The pressures of modern life mean the seven-year-itch comes round much sooner than it used to as troubled couples split up earlier, a new study shows.
Dubbing the phenomenon the 'three year itch', the research shows that couples with young children are now most likely to go their separate ways at the three year mark.
Experts say trying to juggle careers and parenting while struggling with changing gender roles is causing more relationships to fail.
They also cite a growing trend for 'fast forward' partnerships as couples get together later in life, but spend less time getting to know each other before having children.
The study by parenting website Netmums found couples are now four and a half times more likely to split after three years than the traditional seven.
A significant 21 per cent of couples who split, saw their relationship fall apart after they had been together between two and four years. Worryingly 12 per cent split within a year.
In contrast, just three per cent of couples broke up after seven years.

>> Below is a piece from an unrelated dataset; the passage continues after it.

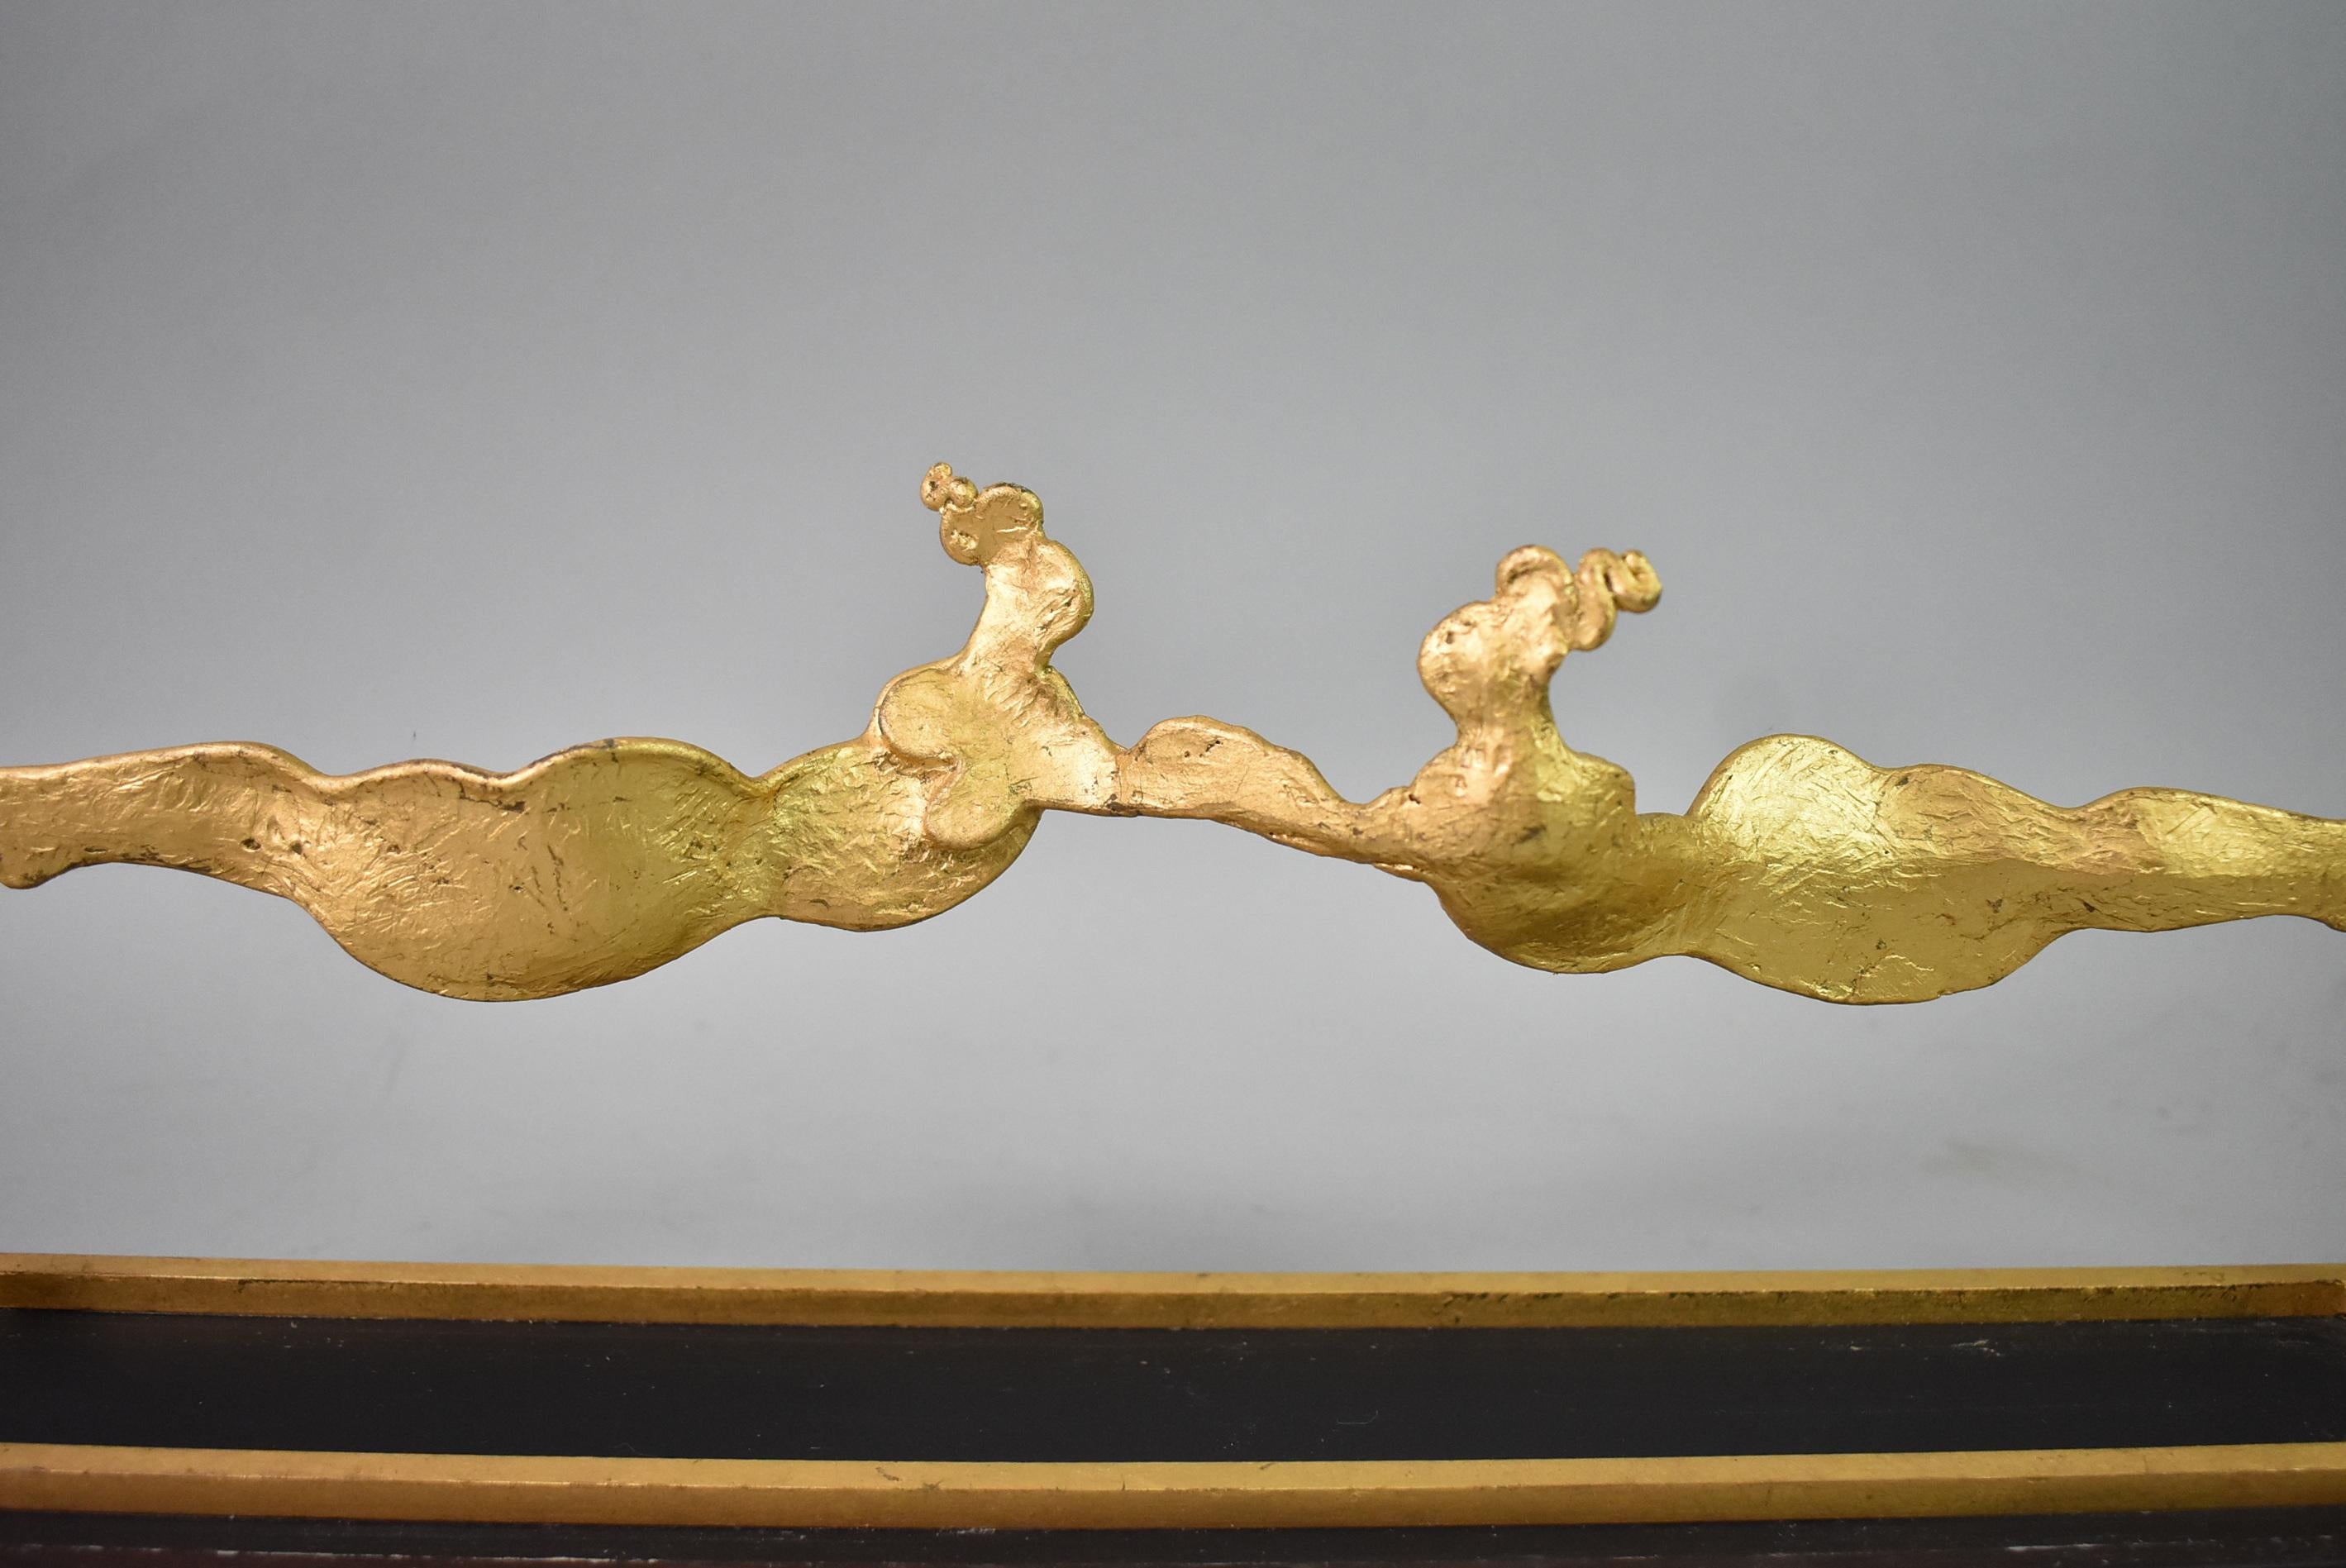 Signed nice patina. Gold leaf over cast bronze. Carole Harrison (10/30/33 - 4/4/22) - Born in Illinois, Carole studied at Cranbrook Academy of Arts in 1955/56, Bloomfield Hills, MI, obtaining her Masters, she was awarded a Fulbright Scholarship to

Having children was shown to put the greatest strain on a relationship.
Almost half (42 per cent) of the 1,500 parents questioned said having children had driven them apart and only a third said it had brought them closer.

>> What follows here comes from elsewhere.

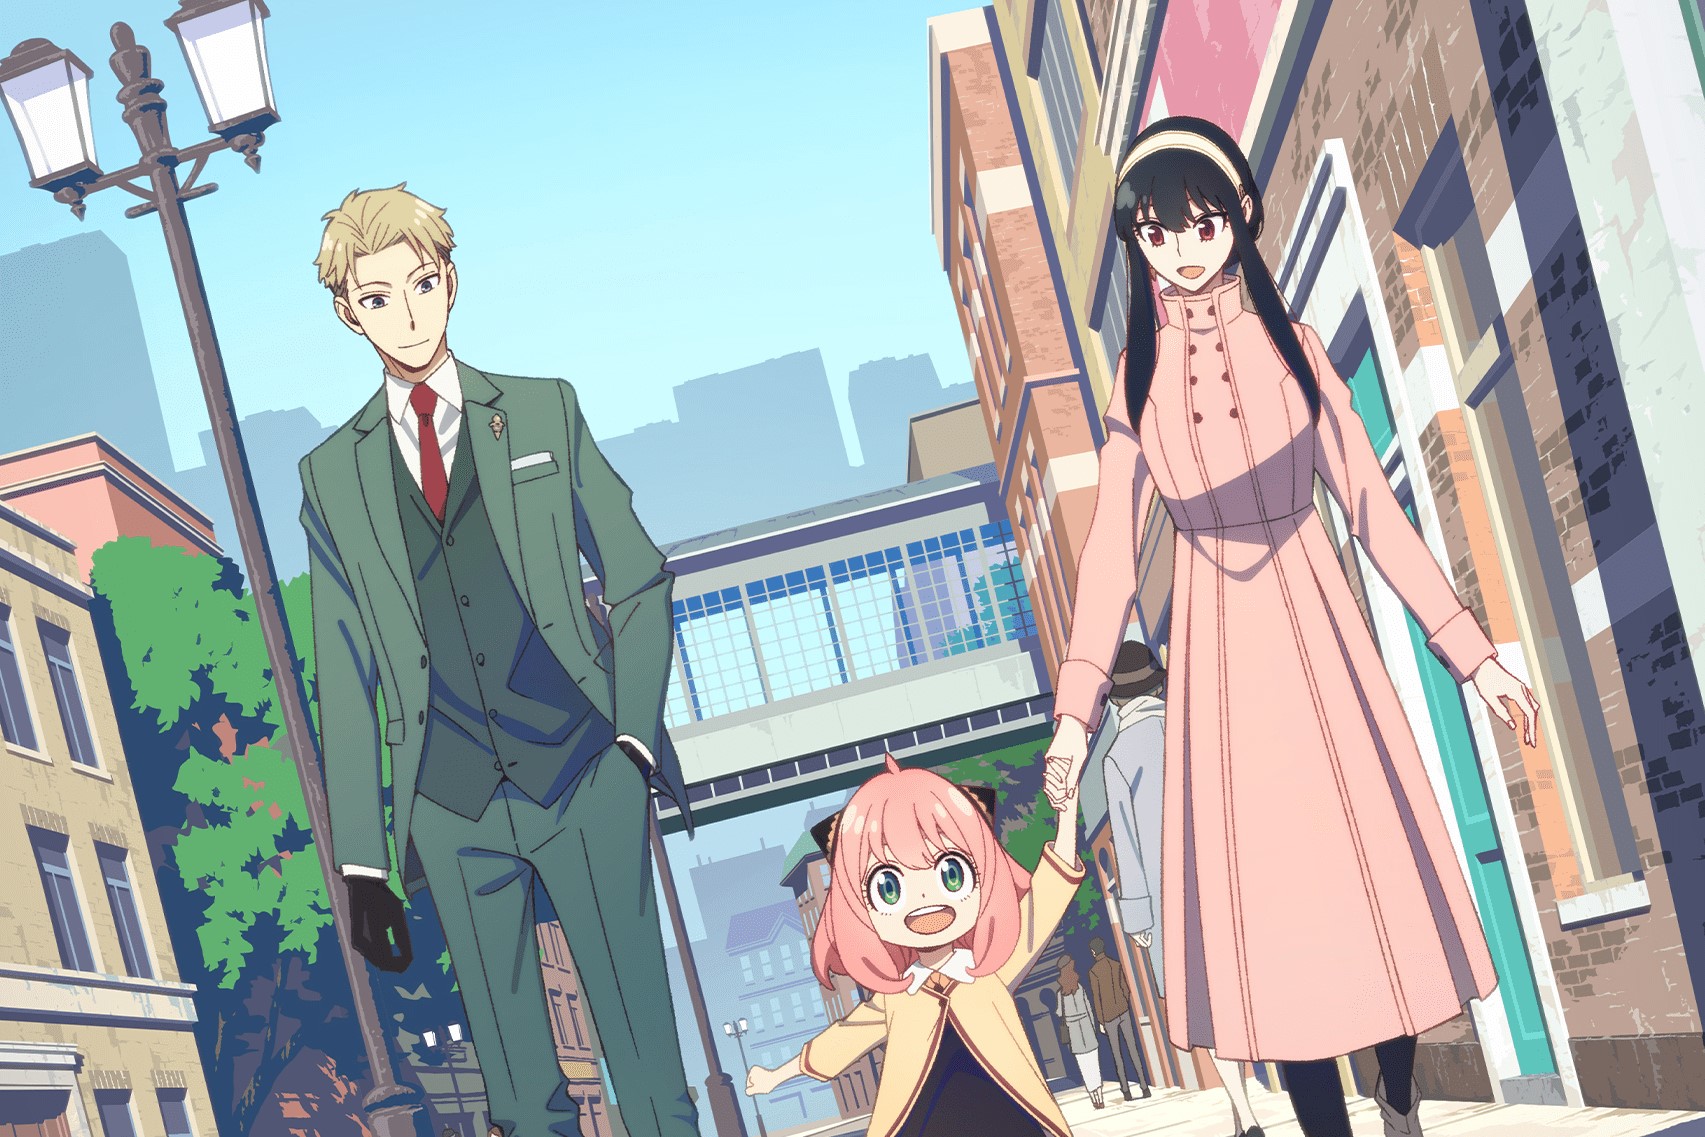 Spy X Family Anime Release Date Confirmed Scheduled For April 2022

Four in five admit their relationship suffered as a result of exhaustion caused by the birth of a new baby or looking after young children.
Many struggle to spend quality time together with 15 per cent 'never' going out as a couple after having children and 14 per cent managing just one night out a year together.
Yet many seem to be having children earlier in relationships.
One in 20 couples confessed they fell pregnant within three months of meeting and 15 per cent were expecting a baby within a year.
Netmums founder Siobhan Freegard, 44, said: 'Relationships are tough at the best of times but having children puts an extra strain on them.
'Add in lack of time, exhaustion, work and money worries and maybe it's little surprise couples are splitting up earlier than ever before.